看jiangly的博客就知道这题肯定是这场的防AK题了
J. Let's Play Jigsaw Puzzles!
签到题,直接爆搜一下就好了
#include<cstdio>
#include<iostream>
#define RI register int
#define CI const int&
using namespace std;
const int N=1005,dx[4]={-1,1,0,0},dy[4]={0,0,-1,1};
int n,d[N*N][4],a[N][N];
inline void DFS(CI num,CI x,CI y)
{
if (a[x][y]) return; a[x][y]=num;
for (RI i=0;i<4;++i) if (d[num][i]!=-1)
DFS(d[num][i],x+dx[i],y+dy[i]);
}
int main()
{
//freopen("J.in","r",stdin); freopen("J.out","w",stdout);
RI i,j; int st; for (scanf("%d",&n),i=1;i<=n*n;++i)
{
for (j=0;j<4;++j) scanf("%d",&d[i][j]);
if (d[i][0]==-1&&d[i][2]==-1) st=i;
}
for (DFS(st,1,1),i=1;i<=n;++i)
for (j=1;j<=n;++j) printf("%d%c",a[i][j]," \n"[j==n]);
return 0;
}
K. Browser Games
徐神写的字符串,我题目都没看来着
#include <bits/stdc++.h>
constexpr int $n = 2.5e6 + 5;
int go[$n][28], siz[$n], O = 1, pa[$n];
int insert(std::string &s) {
int now = 1;
for(char c: s) {
int u;
if(c == '.') u = 26; else if(c == '/') u = 27;
else u = c - 'a';
if(!go[now][u]) go[now][u] = ++O, pa[go[now][u]] = now;
now = go[now][u];
siz[now] += 1;
}
return now;
}
int ue[$n], cur[$n], fa[$n];
int father(int i) {
if(i == fa[i]) return i;
return fa[i] = father(fa[i]);
}
int main() {
// freopen("K.in", "r", stdin);
std::ios::sync_with_stdio(false);
int n; std::cin >> n;
for(int i = 1; i <= n; ++i) fa[i] = i;
for(int i = 1; i <= n; ++i) {
std::string s; std::cin >> s;
ue[i] = insert(s);
cur[ ue[i] ] = i;
}
int ans = 0;
for(int i = 1; i <= n; ++i) {
ans += 1;
int s = ue[i];
auto unionn = [&ans] (int a, int b) {
if(!a) return b; if(!b) return a;
a = father(a), b = father(b);
if(a != b) fa[b] = a, ans -= 1;
return a;
};
while(s > 1) {
siz[s] -= 1;
if(siz[s] == 0) for(int ch: go[s]) if(ch && siz[ch] == 0)

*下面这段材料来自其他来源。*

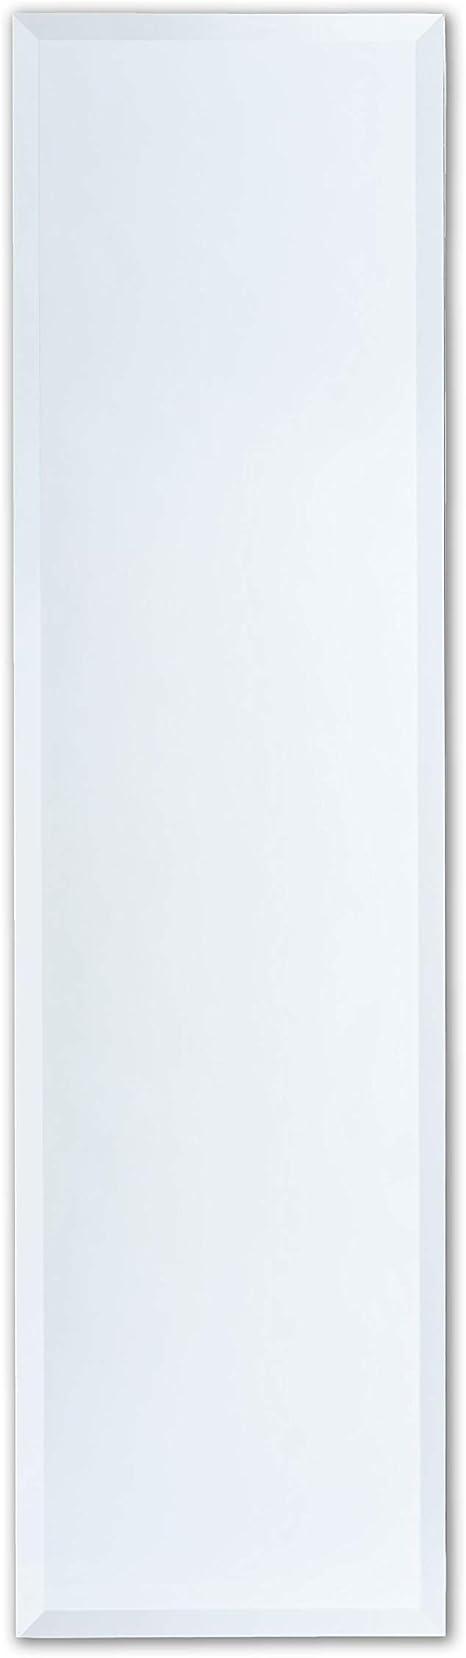 Better Bevel 12 X 48 Frameless Full Length Rectangle Mirror 1 Beveled Edge Wall Mirror Kitchen Dining

cur[s] = unionn(cur[s], cur[ch]);
s = pa[s];
}
std::cout << ans << char(10);
}
for(int i = 1; i <= O; ++i) if(siz[i]) perror("Wcao\n");
return 0;
}
L. Sheep Village
好,又是不会的一题
M. Tower of the Sorcerer
好劲的题啊,看了好久的jiangly博客才会做,然后还被卡了精度把double
改成叉积才跑过
首先要想到最优方案的形式,一定是先不断提示自己的攻击力直到最高,然后再去杀其它的怪
因此不妨假设所有怪都是最后被杀掉的,然后考虑最小化从初始状态到最后所掉的血量
令\(f_i\)表示当前攻击力为\(i\)时,最少需要额外收到多少伤害才能把攻击力变成最大值
转移的话考虑倒推,对于攻击力为\(j(j>i)\)的怪物,设其血量为\(hp_j\),则转移为:
\[f_i=\min_{j>i} (f_j+(\lceil\frac{hp_j}{i}\rceil-\lceil\frac{hp_j}{maxatk}\rceil)\times j) \]乍一看这个转移很难优化,但有个很妙的trick就是我们直接枚举\(k=\lceil\frac{hp_j}{i}\rceil\),然后化一下后面的部分就发现我们要最小化\(k\times j+f_j-\lceil\frac{hp_j}{maxatk}\rceil\times j\)的值
不妨把\(hp_j\)看作版本号,\(j,\lceil\frac{hp_j}{maxatk}\rceil\times j\)看作一条直线的斜率和截距,那么我们查询时就是要求\(hp_j\le i\times k\)的版本中,当横坐标为\(k-1\)时,该版本中直线的纵坐标的最小值
这个就是个经典的Convex Trick,直接维护一个上凸壳然后二分查询即可,至于版本号由于这里只有前缀查询,可以给以版本号为下标用树状数组维护凸壳
总复杂度\(O(n\log^3 n)\)
#include<cstdio>
#include<iostream>
#include<vector>
#include<algorithm>
#define int long long
#define RI register int
#define CI const int&
using namespace std;
typedef long long LL;
const LL N=100005,INF=1e18;
int n,mxhp,mxatk,satk,atk[N],hp[N],f[N]; vector <int> v[N];
struct Line
{
int k,b;
inline Line(CI K=0,CI B=0)
{
k=K; b=B;
}
inline LL get(CI x)
{
return 1LL*k*x+b;
}
friend inline Line operator - (const Line& A,const Line& B)
{
return Line(A.k-B.k,A.b-B.b);
}
};
inline int Cross(const Line& A,const Line& B)
{
return A.k*B.b-A.b*B.k;
}
struct Convex
{
vector <Line> stk;
inline void insert(const Line& L)
{
while (stk.size()>1&&Cross(stk.back()-stk[stk.size()-2],L-stk.back())>=0) stk.pop_back(); stk.push_back(L);
}
inline LL query(CI x)
{
if (stk.empty()) return INF;
int l=0,r=stk.size()-1,mid; while (l<r)
{
mid=l+r>>1; if (stk[mid].get(x)<stk[mid+1].get(x)) r=mid; else l=mid+1;
}
return stk[l].get(x);
}
};
class Tree_Array
{
private:
Convex t[N];
public:
#define lowbit(x) (x&-x)
inline void add(RI x,const Line& L)
{
for (;x<=mxhp;x+=lowbit(x)) t[x].insert(L);
}
inline int get(RI x,CI y,int ret=INF)
{
for (;x;x-=lowbit(x)) ret=min(ret,t[x].query(y)); return ret;
}
#undef lowbit
}BIT;
signed main()
{
//freopen("M.in","r",stdin); freopen("M.out","w",stdout);
RI i,j; for (scanf("%lld%lld",&n,&satk),i=1;i<=n;++i)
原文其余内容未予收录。